Companies of all sizes have a big role to play on the road to net zero*. They potentially have the scale, organisational momentum and multi-national reach that neither governments nor individuals can match.

The New Green Rush* between now and 2030 is going to need us all to, at least, halve our emissions. This is no small feat, but definitely more than possible with some well placed, consistent efforts.

This is true for governments, companies as well as individuals

In stark contrast to this reality, in a recent survey of leading CEOs over 70% said most progress on decarbonizing will be made after 2030. As most of them will have moved on by then that amounts to kicking the can down the road. Doing so would also lock-in the higher end of average global temperature rises, somewhere in the extreme zone of 3 to 5 degrees Celsius. In case you still wondered that’d be really bad for everyone and everything on the planet.

In the same survey, 47% of leading CEOs said they support the Paris Agreement*. Sounds contradictory, right?

We have to remember that we’re still fairly close to the start of this. I’d guess that in a year or two’s time these numbers will have shifted in the direction of more immediate action. That’s the hope, and I hold it close.

Carbon Reduction Progress ≠ A New Cost

Investing in climate and decarbonizing isn’t a new cost, it’s always been there, we’ve all just been carrying on with our heads in the sand, waiting for legislation to set the minimum hurdle to clear.

That’s not where we’re at now, and there’s no going back to that considering the overwhelming, indisputable scientific evidence around the impact human activity is having on the whole planet.

For 21st century companies, outperforming the basic legal requirements should be a key part of your corporate mission and values.

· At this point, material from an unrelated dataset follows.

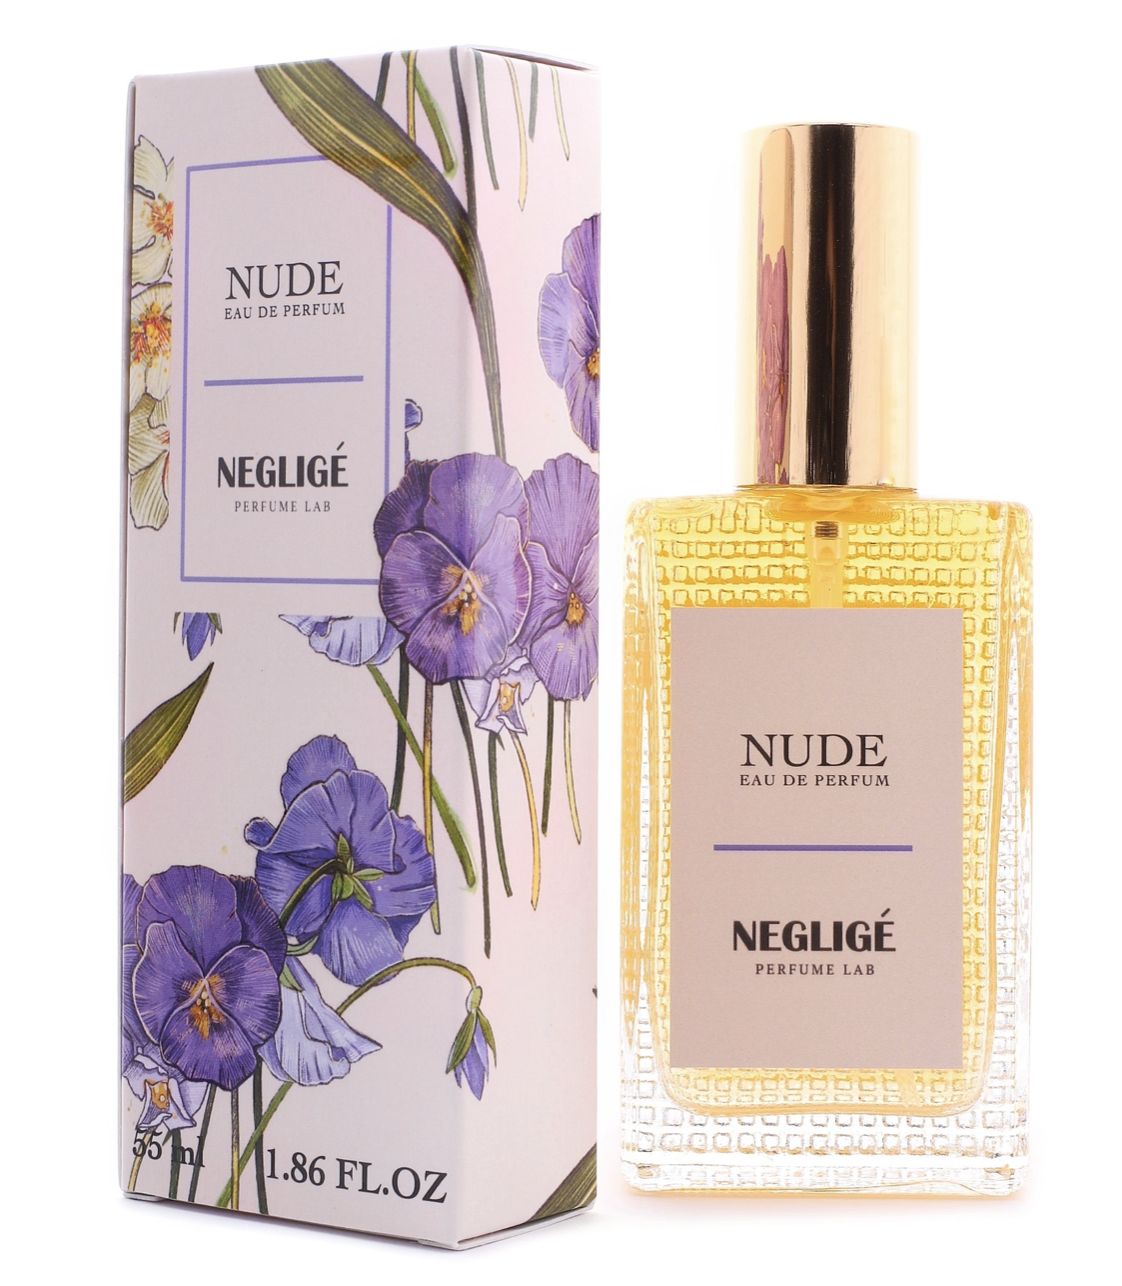 Nude Neglig Perfume Lab

It’s not easy. I’m not saying it is. Turning a complex and multifaceted organisation into one ready and able to positively contribute towards pulling us toward a sustainable path isn’t an overnight task.

What are your emissions?

You aren’t going to need to do that much to start addressing lots of your Scope 1* and Scope 2* emissions. That’s the easiest part. Do that now. There’s lots of options. It’s also ok if it’s a process and takes a few years, depending on the juggernaut you’re turning; be open about it.

Decarbonize these with as little offsetting* as possible, and then review regularly what else you can change to truly decarbonize further. Offsetting is, at best avoidance (as you’re still emitting carbon), and at worst greenwashing*. The time for solutions that don’t actively reduce or remove carbon and equivalents* in the atmosphere has passed.

Next, start building your capability around Scope 3* — where you work with your full supply and value chains to develop a comprehensive roadmap that works steadfastly, rigorously towards the goal of carbon neutral*, or carbon negative/climate positive* if you want to be ambitious and impress us all.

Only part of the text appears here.